Journal of Operations Management
- Discipline: Operations management
- Language: English
- Edited by: Elliot Bendoly, Rogelio Oliva

Publication details
- History: 1980–present
- Publisher: Wiley on behalf of the Association for Supply Chain Management
- Frequency: 8/year
- Open access: Hybrid
- Impact factor: 10.4 (2024)

Standard abbreviations
- ISO 4: J. Oper. Manag.

Indexing
- ISSN: 0272-6963 (print) 1873-1317 (web)
- LCCN: 84646380
- OCLC no.: 632966730

Links
- Journal homepage; Online access; Online archive; Journal page at publisher's website;

= Journal of Operations Management =

The Journal of Operations Management is a peer-reviewed academic journal covering research on all aspects of operations management. It was established in 1980 and is published by Wiley on behalf of the Association for Supply Chain Management. It is listed as one of the 50 journals used by the Financial Times to compile its business-school research rankings. The editors-in-chief are Elliot Bendoly (Ohio State University) and Rogelio Oliva (Texas A&M University).

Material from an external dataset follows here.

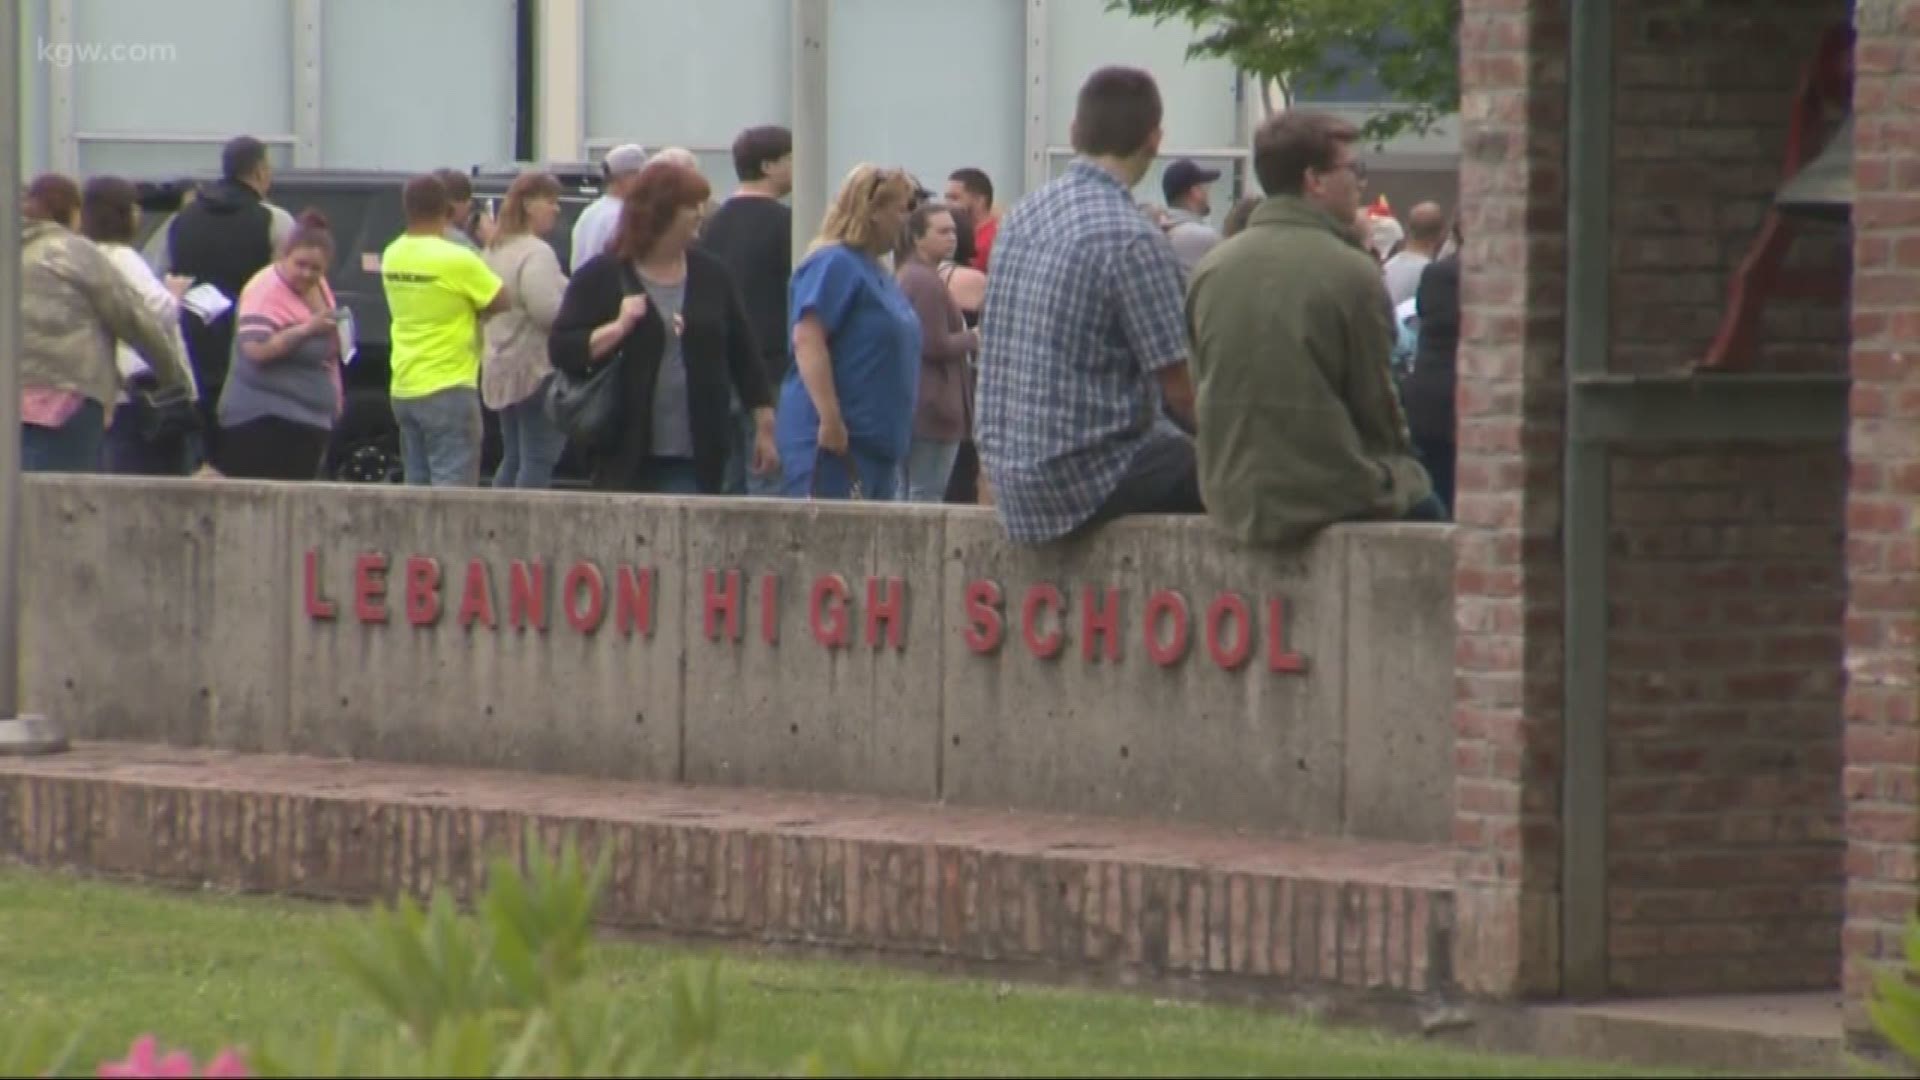 A student is in custody after bringing a gun to the school campus.

==Abstracting and indexing==
The journal is abstracted and indexed in:

- Current Contents/Business Collection
- Current Contents/Engineering, Computing & Technology
- Current Contents/Social and Behavioral Sciences
- EBSCO databases
- Ei Compendex
- Inspec
- ProQuest databases
- Science Citation Index Expanded
- Scopus
- Social Sciences Citation Index

According to the Journal Citation Reports, the journal has a 2022 impact factor of 10.4.